(Dataset entries)

###

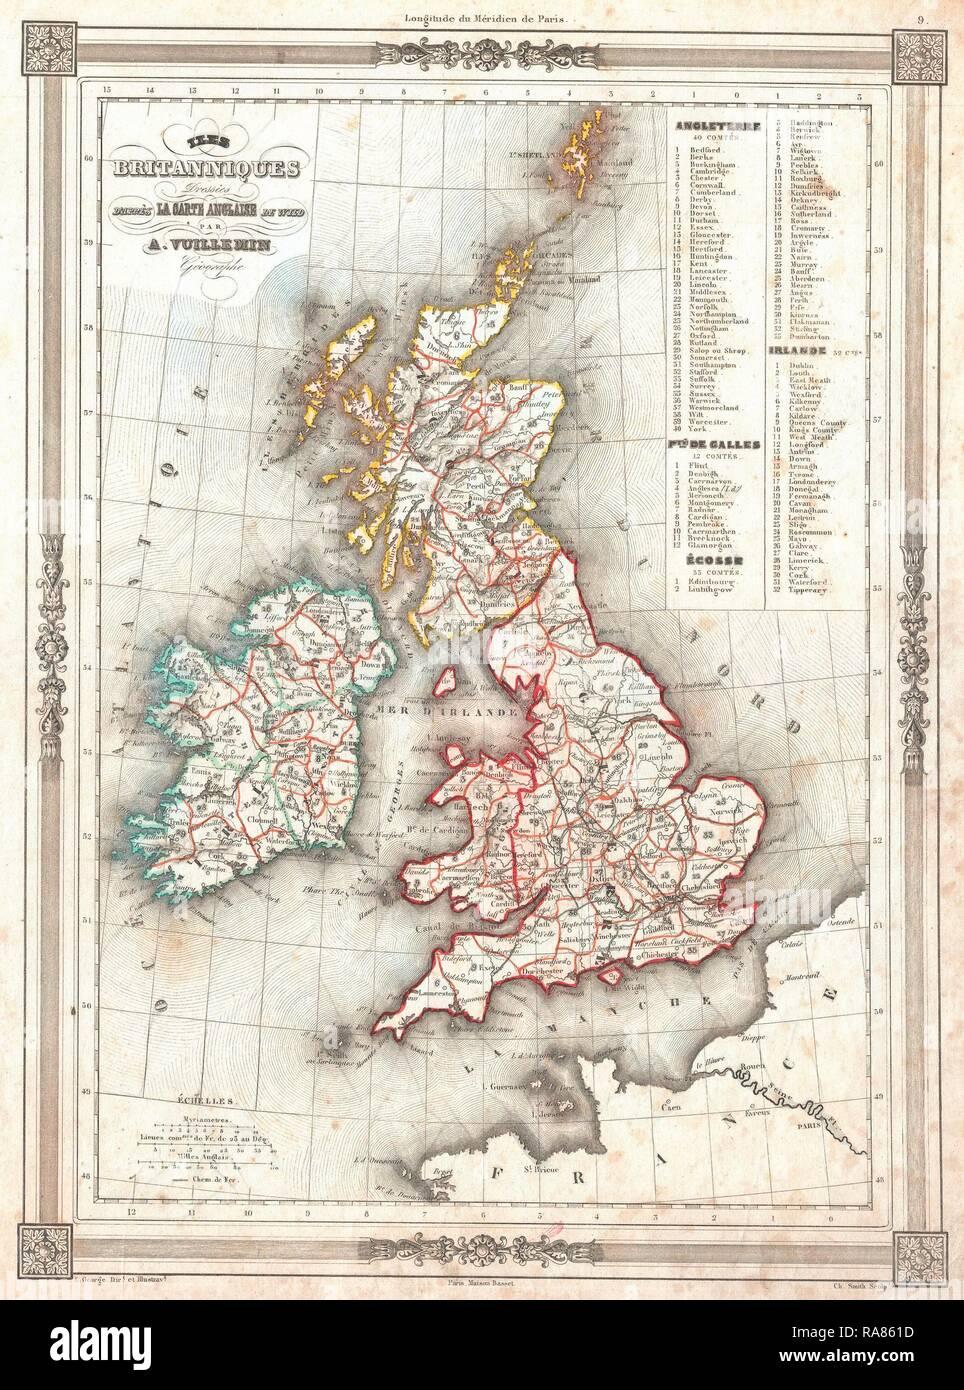 Carte Angleterre Irlande Ecosse.1852 Vuillemin Carte Des Iles Britanniques L Angleterre L Irlande
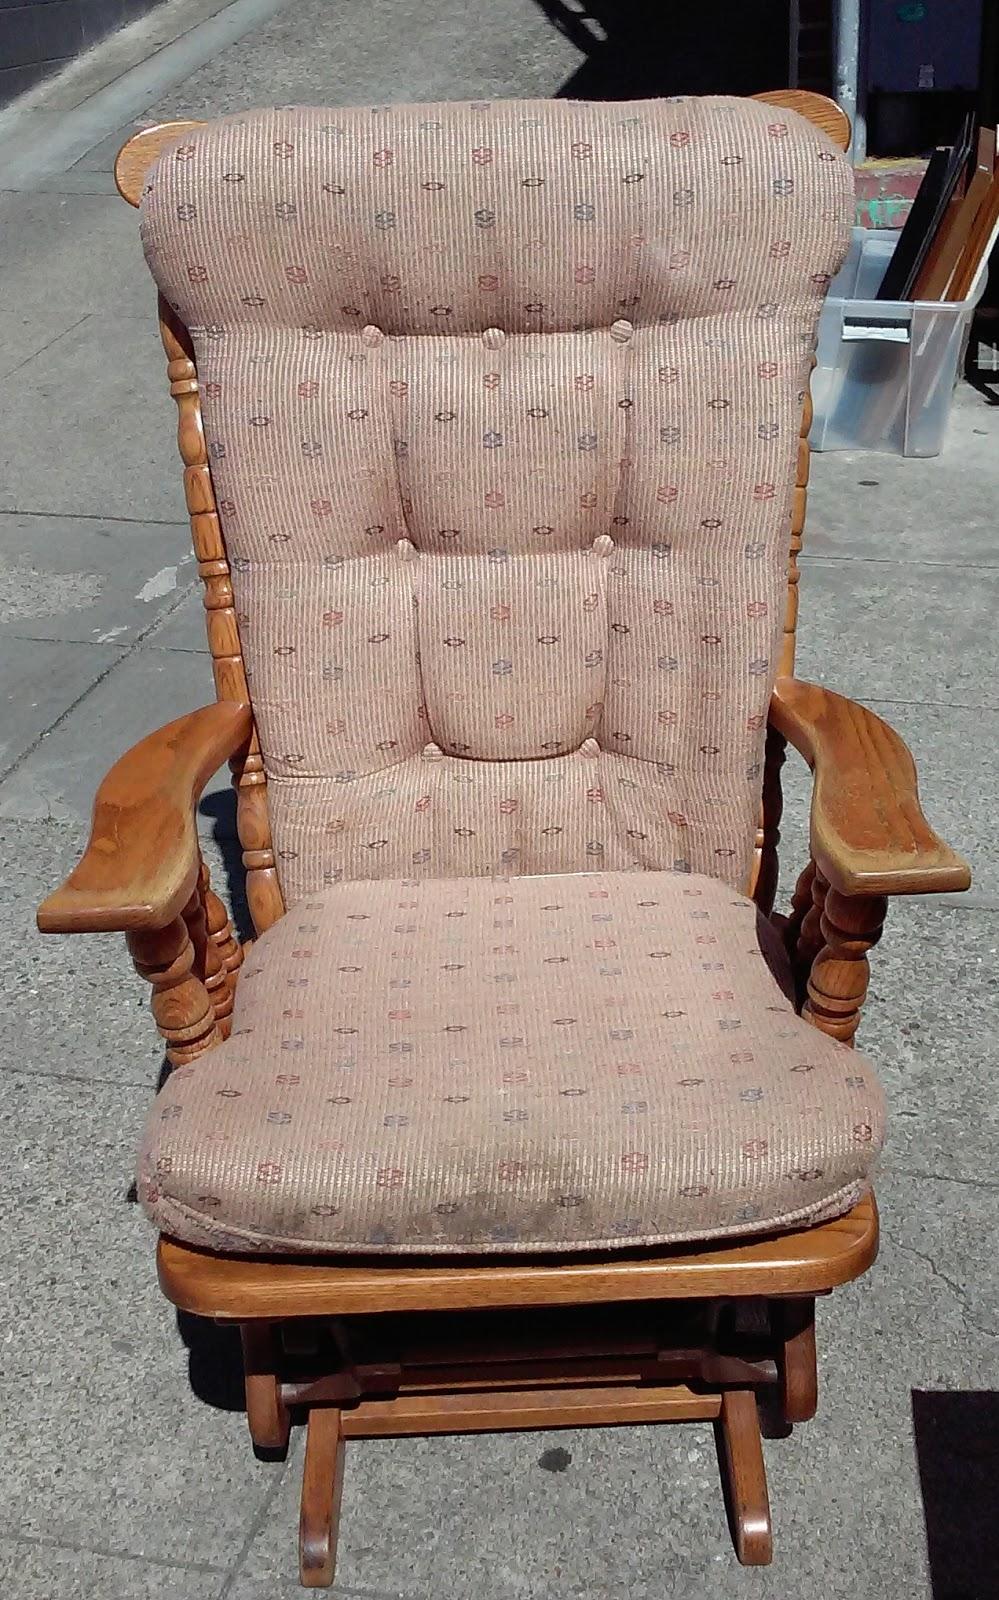 Uhuru Furniture Amp Collectibles Sold Summer Super Chair
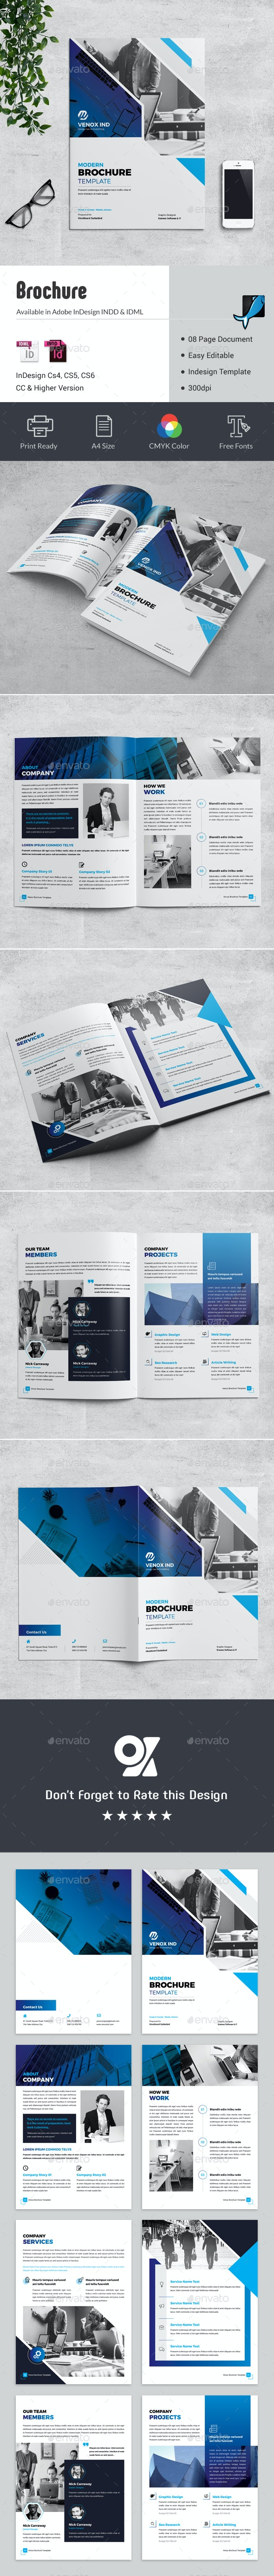 08 Pages Brochure - Corporate Brochures
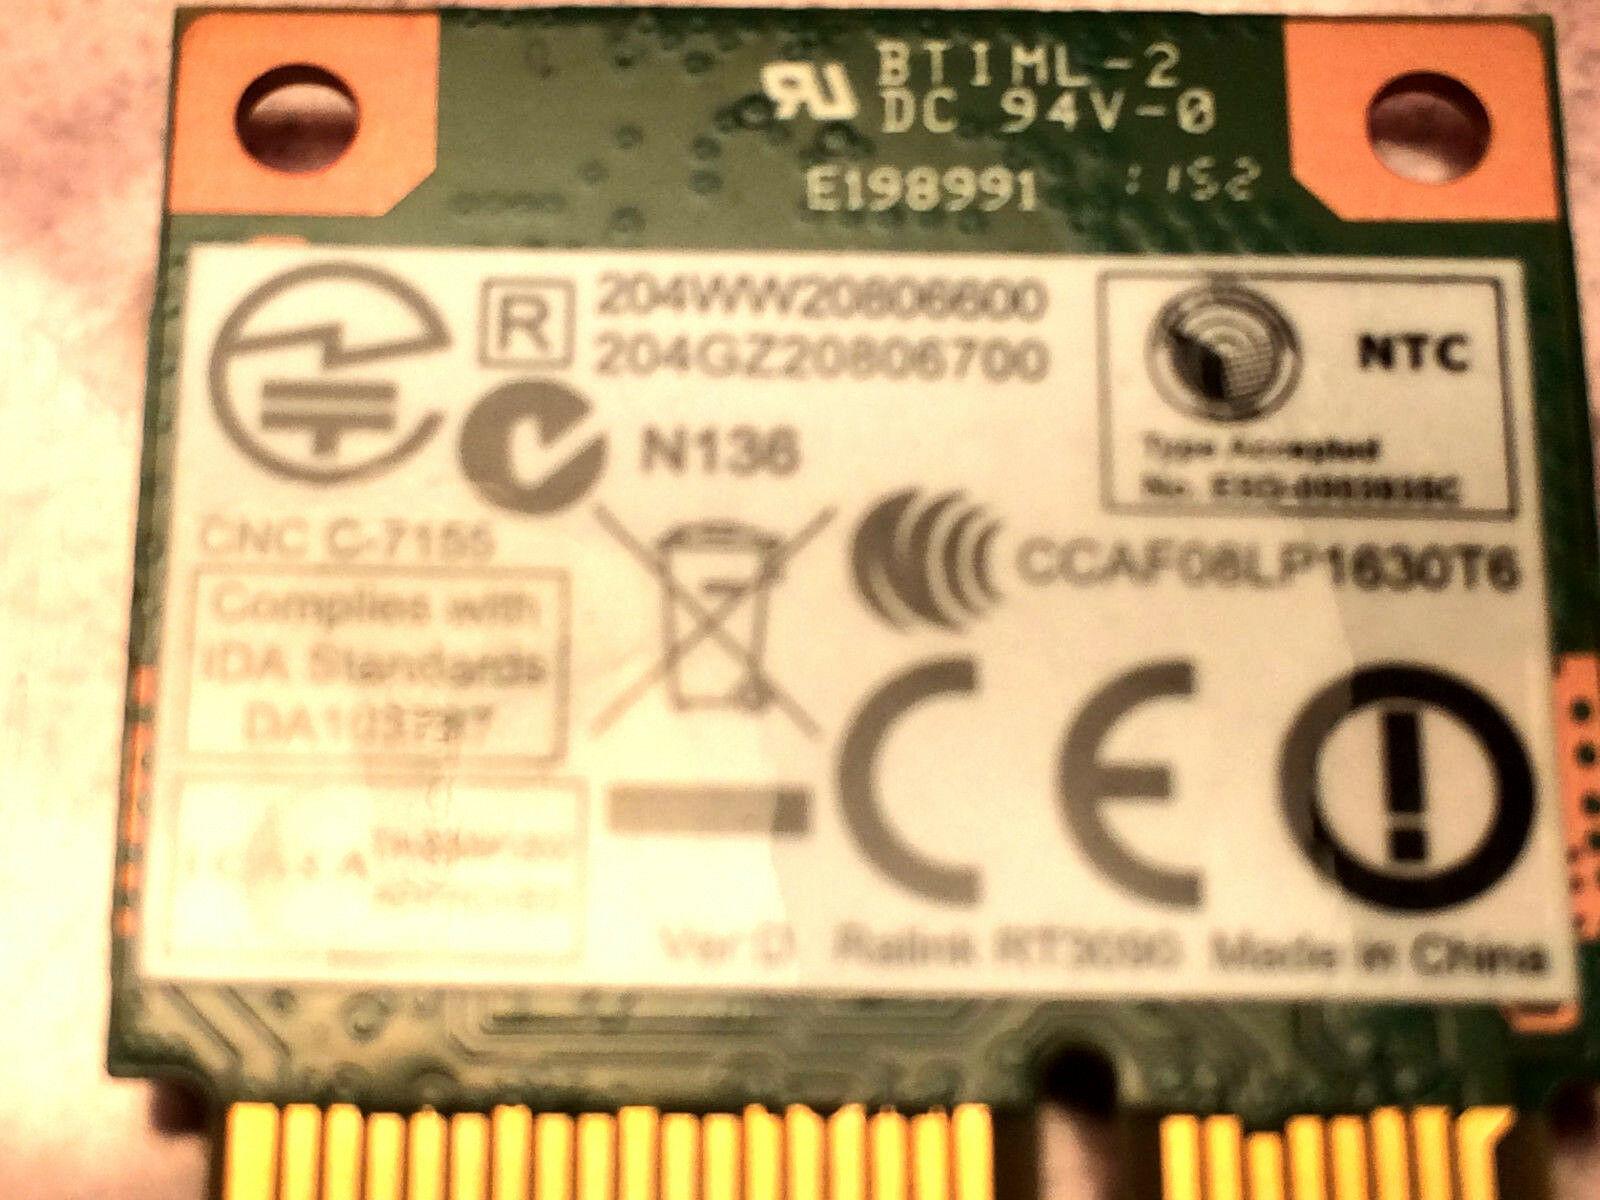 Ralink RT3090 802.11b/g/n PCI-E Half mini Wireless RT3090-1T1R New image 3
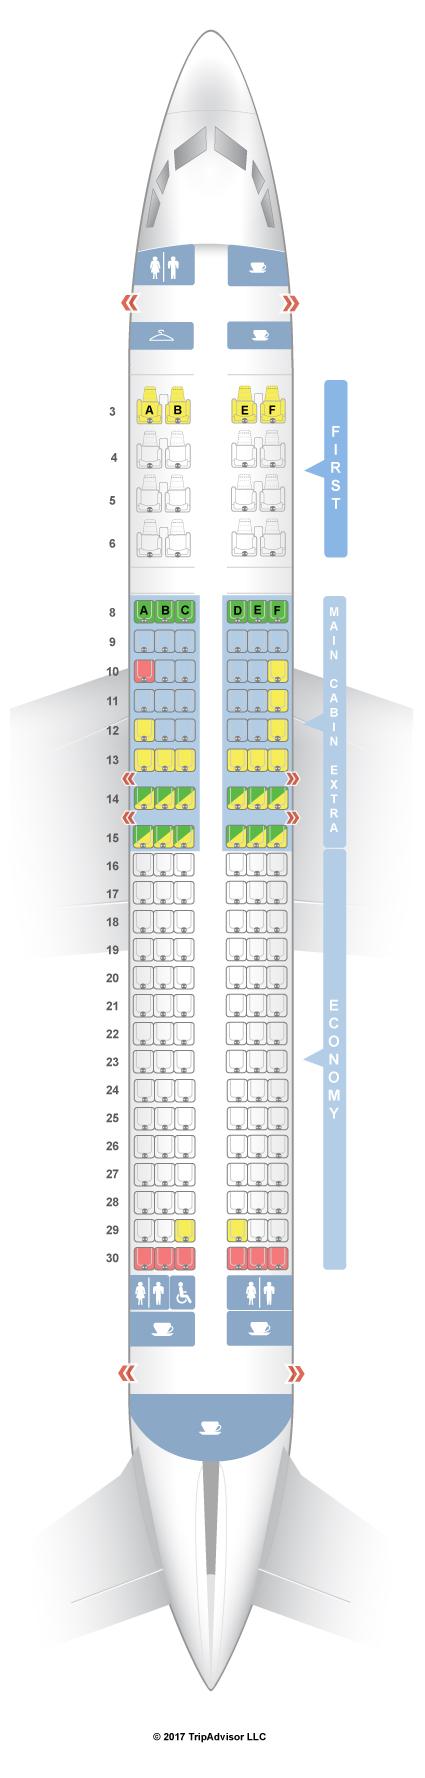 Seatguru Seat Map American Airlines Boeing 737 800 738 V1
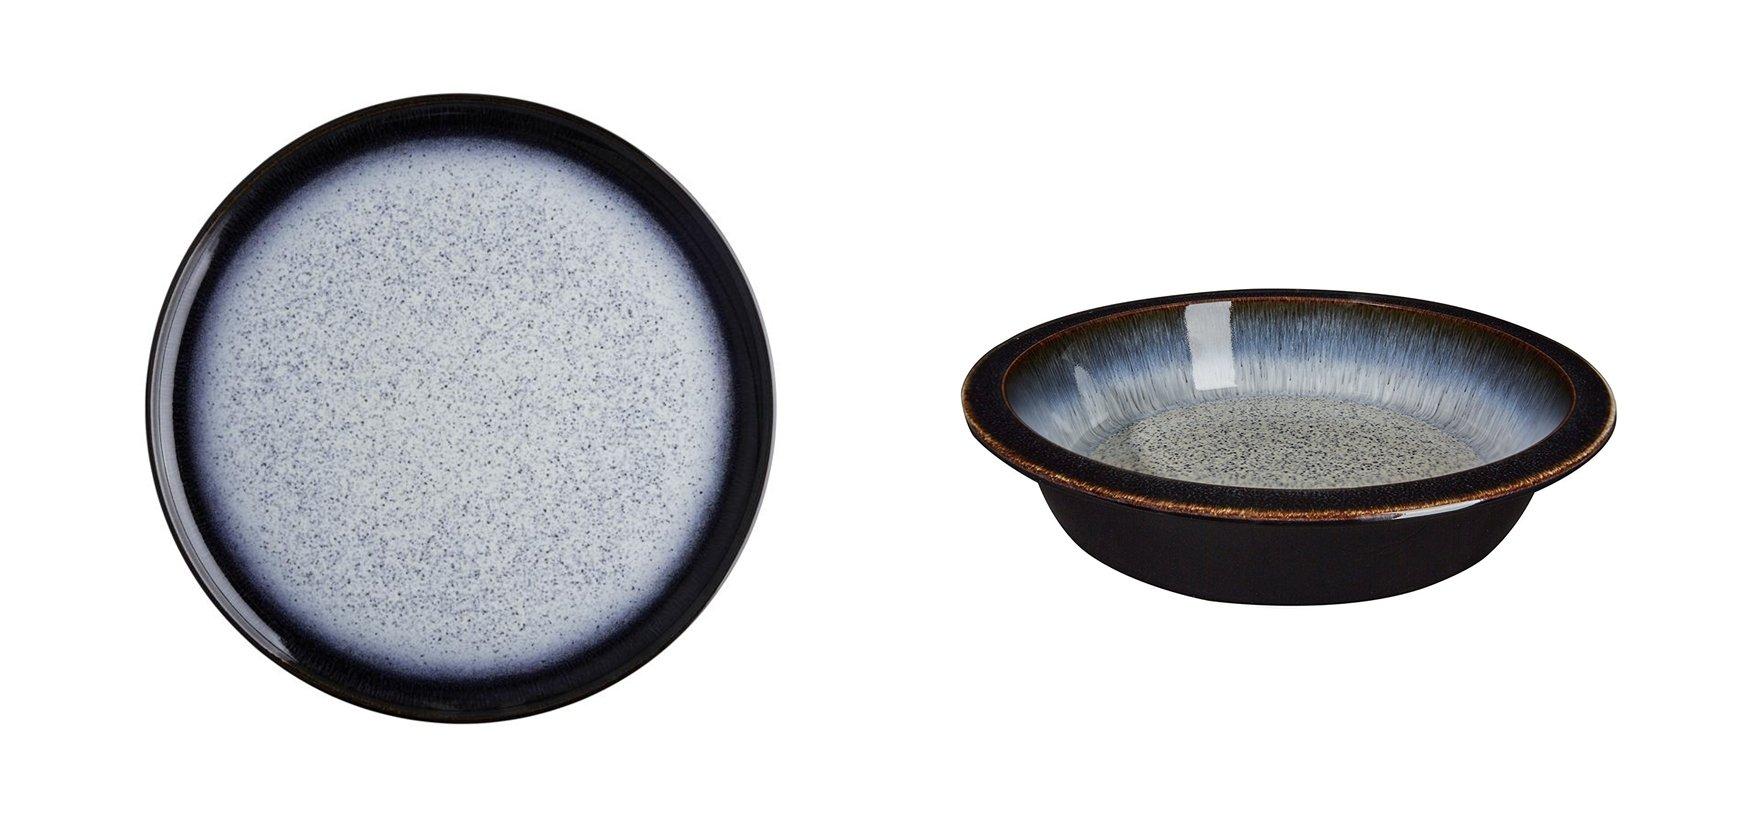 Denby Halo Round Platter and Round Pie Dish, Set of 2

###

## What you should do
All entries above must be printed again verbatim, with images excluded.

## Your response
 Carte Angleterre Irlande Ecosse.1852 Vuillemin Carte Des Iles Britanniques L Angleterre L Irlande
 Uhuru Furniture Amp Collectibles Sold Summer Super Chair
 08 Pages Brochure - Corporate Brochures
 Ralink RT3090 802.11b/g/n PCI-E Half mini Wireless RT3090-1T1R New image 3
 Seatguru Seat Map American Airlines Boeing 737 800 738 V1
 Denby Halo Round Platter and Round Pie Dish, Set of 2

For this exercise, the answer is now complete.